Kondisi ini menunjukan bila Pantura tak lagi sepadat dulu, dan momen ini pun bisa dimanfaatkan bagi yang ingin bernostalgia melintas antar kota dari Pantura. Hanya saja, dari pengalaman redaksi kemarin ada beberapa hal yang menjadi catatan penting untuk diperhatikan, khususnya bagi pengendara mobil pribadi, yakni :
Bisa dibilang mulai dari Indramayu sampai beberapa pinggiran kota-kota besar lain yang akan dilewati hingga Surabaya, minim dengan jalan yang mulus. Hampir 80 persen aspal Pantura didominasi oleh lintasan bergelombang dan rusak.
Untuk area Jawa Barat, aspal "keriting" banyak ditemui pada ruas jalan sebelah kanan atau jalur cepat. Hal ini karena ruas tersebut menjadi jalur favorit angkutan alat berat yang melintasi Pantura.
Nah, kondisi truk yang berjalan di jalur cepat, memaksa pola etika berkendara untuk mendahului kendaraan yang lebih pelan berubah. Bila biasanya dari kanan, anda dipaksa harus mengalah menyalip dari sebelah kiri.
Menyikapi kondisi tersebut, pengendara harus ekstra waspada. Pasalnya saat menyalip dari jalur lambat, anda harus benar-benar matang memperhitungkan risikonya, mulai dari jarak sampai memastikan bila tidak ada kendaraan lain seperti motor yang melintas.
Jangan lengah, karena ketika melintas di pagi atau siang hari, banyak masyrakat di sana yang kurang memperhatikan aspek keselamatan dalam berkendara, seperti berkendara tanpa menggunakan helm, berboncengan lebih dari kapasitas, sampai melawan arah.
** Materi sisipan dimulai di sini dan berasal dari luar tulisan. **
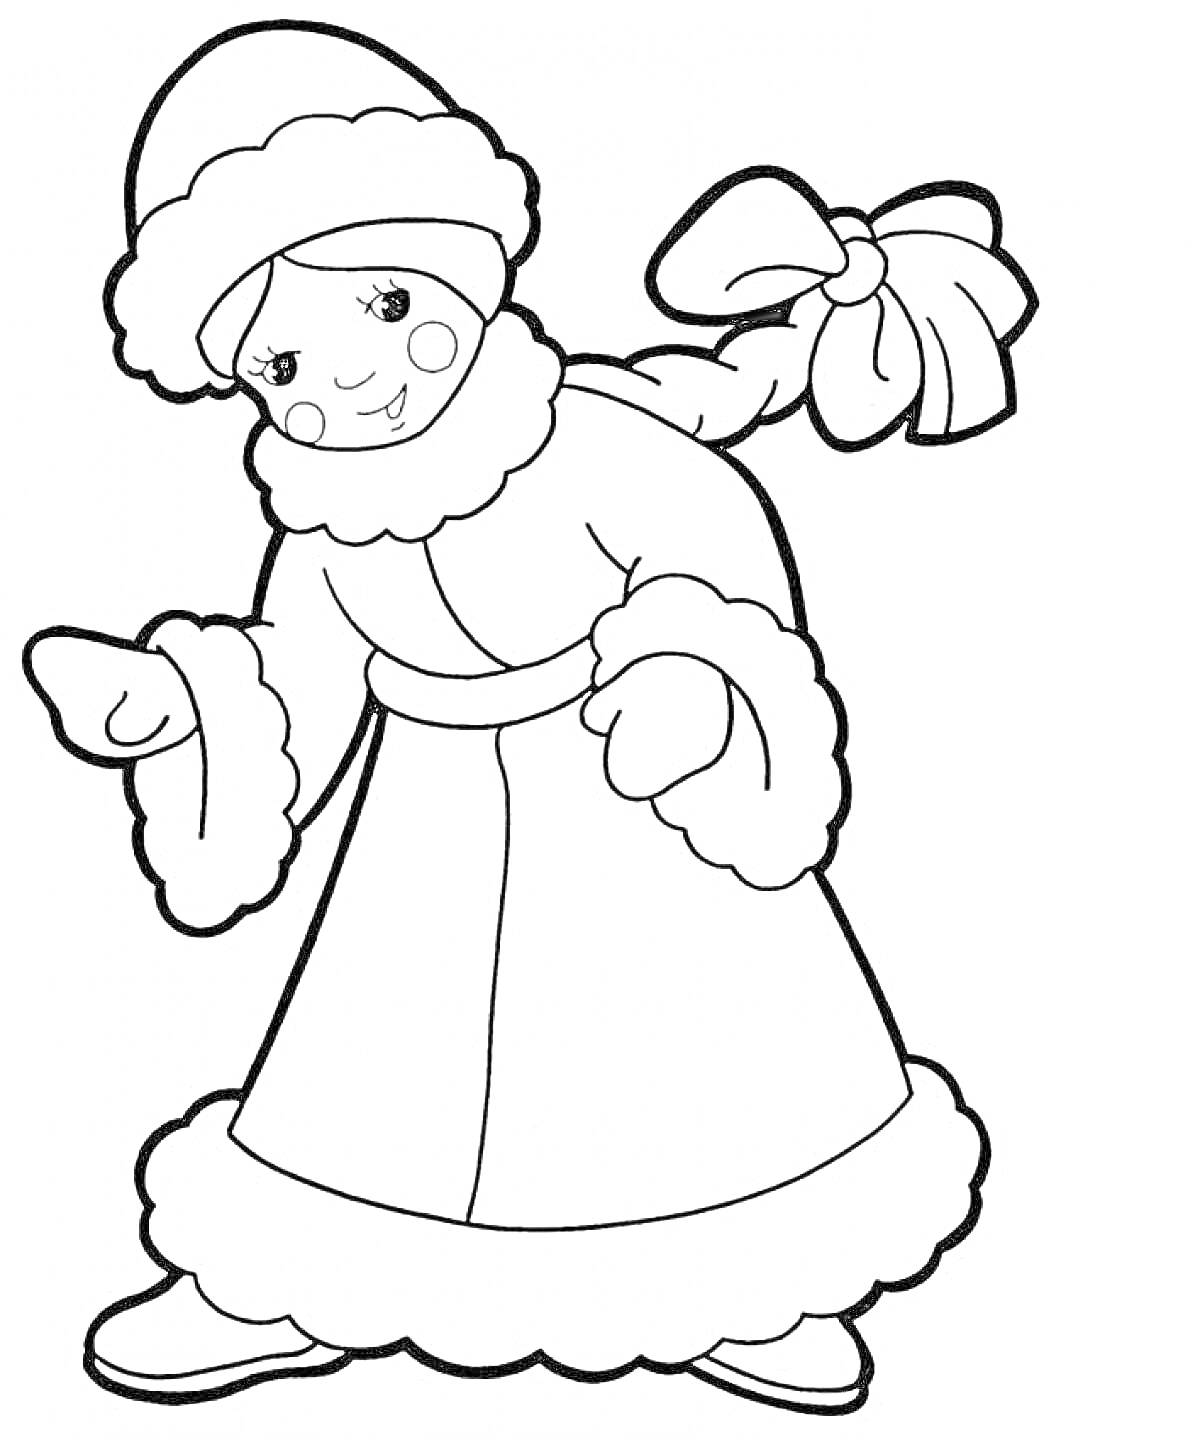 Раскраска Снегурочка в меховой шапке и длинной шубе с косой с бантом

Mulai memasuki Jawa Tengah, tepatnya dari Batang, Alas Roban, Semarang, hingga Surabaya, kondisi jalan mulai berubah. Pengendara bukan hanya disuguhkan dengan lintas pinggir kota yang bergelombang, namun juga absennya keberadaan pembatas atau median tengah jalan yang berguna untuk memisahkan arus lalu lintas.
Tanpa ada median tengah, membuat kendaraan dari lawan arah menyalip dengan cara mengambil lajur sebaliknya. Apalagi saat menjelang malam hari, dimana truk industri dan kargo mulai terlihat memadati lalu lintas yang ditambah dengan bus-bus kecil lintas provinsi.
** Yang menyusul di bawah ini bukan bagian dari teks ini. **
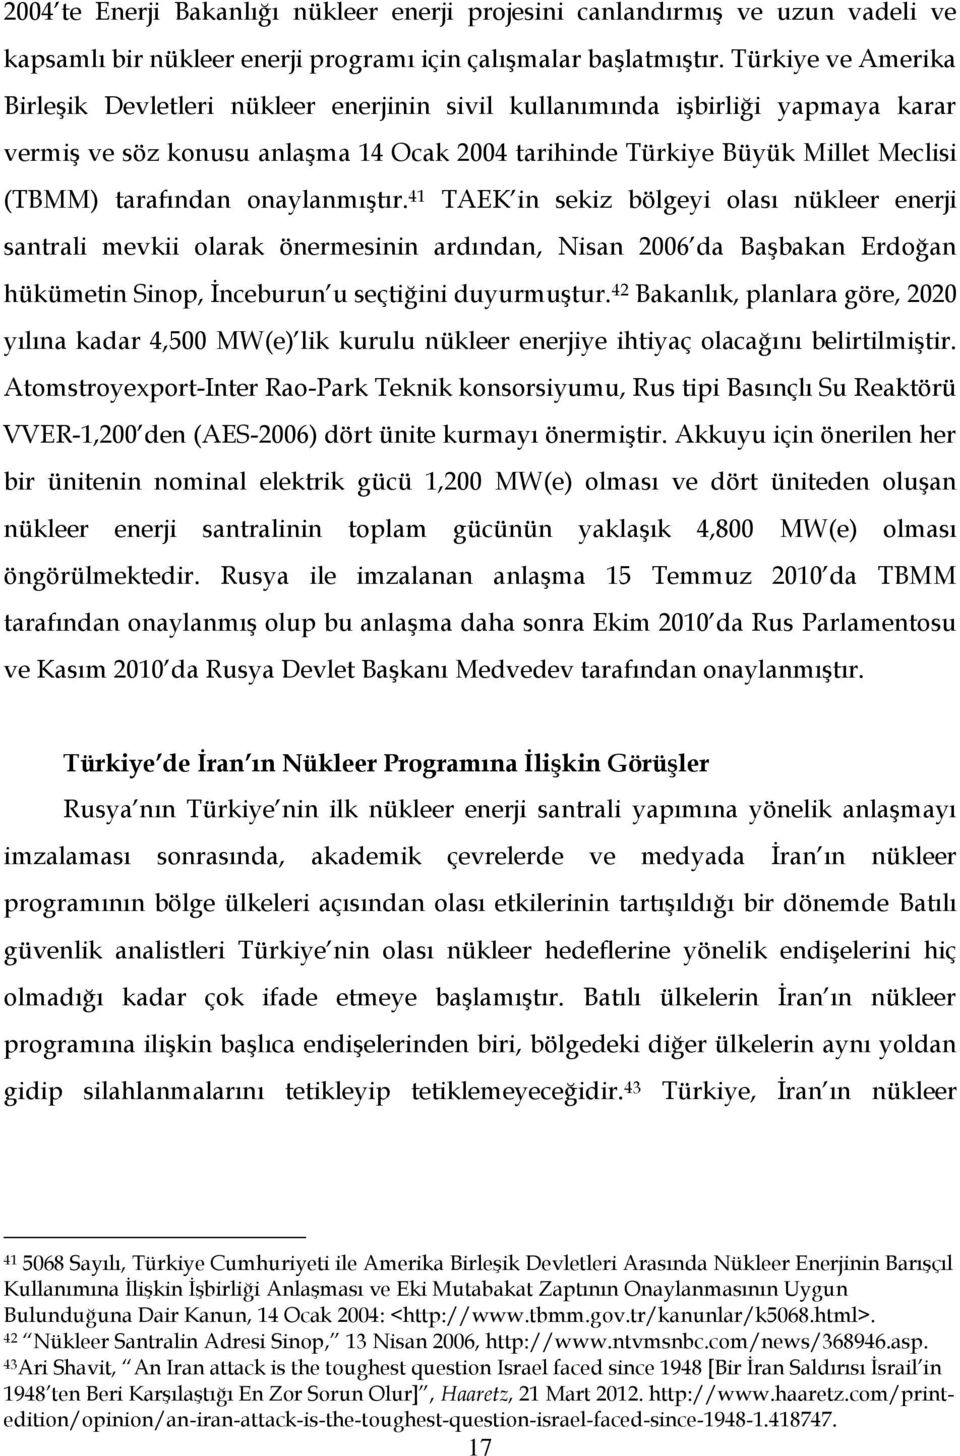 onaylanmıştır. 41 TAEK in sekiz bölgeyi olası nükleer enerji santrali mevkii olarak önermesinin ardından, Nisan 2006 da Başbakan Erdoğan hükümetin Sinop, İnceburun u seçtiğini duyurmuştur.

Dari pengalaman redaksi, mulai mobil pribadi, bus kecil, sampai truk gandeng pun banyak yang melakukan aksi tersebut. Situasi tersebut memang menjadi tradisi di Pantura, tapi bagi pengendara yang tak biasa, harap berhati-hati dan tetap fokus berkendara, karena lengah sedikit akibatnya cukup fatal.
Dari sisi penerangan jalan, bisa dibilang hampir tidak terlalu masalah. Lampu-lampu jalan masih terfasilitasi dan berfungsi dengan baik yang cukup membantu visibilitas ketika berkendara di malam hari.
Hanya di beberapa ruas jalan yang sedikit redup, seperti ketika melaju di jalur lingkar kota. Terutama bila daerahnya bersampingan dengan persawahan, karena itu penting untuk memastikan mobil memiliki penerangan yang cukup baik.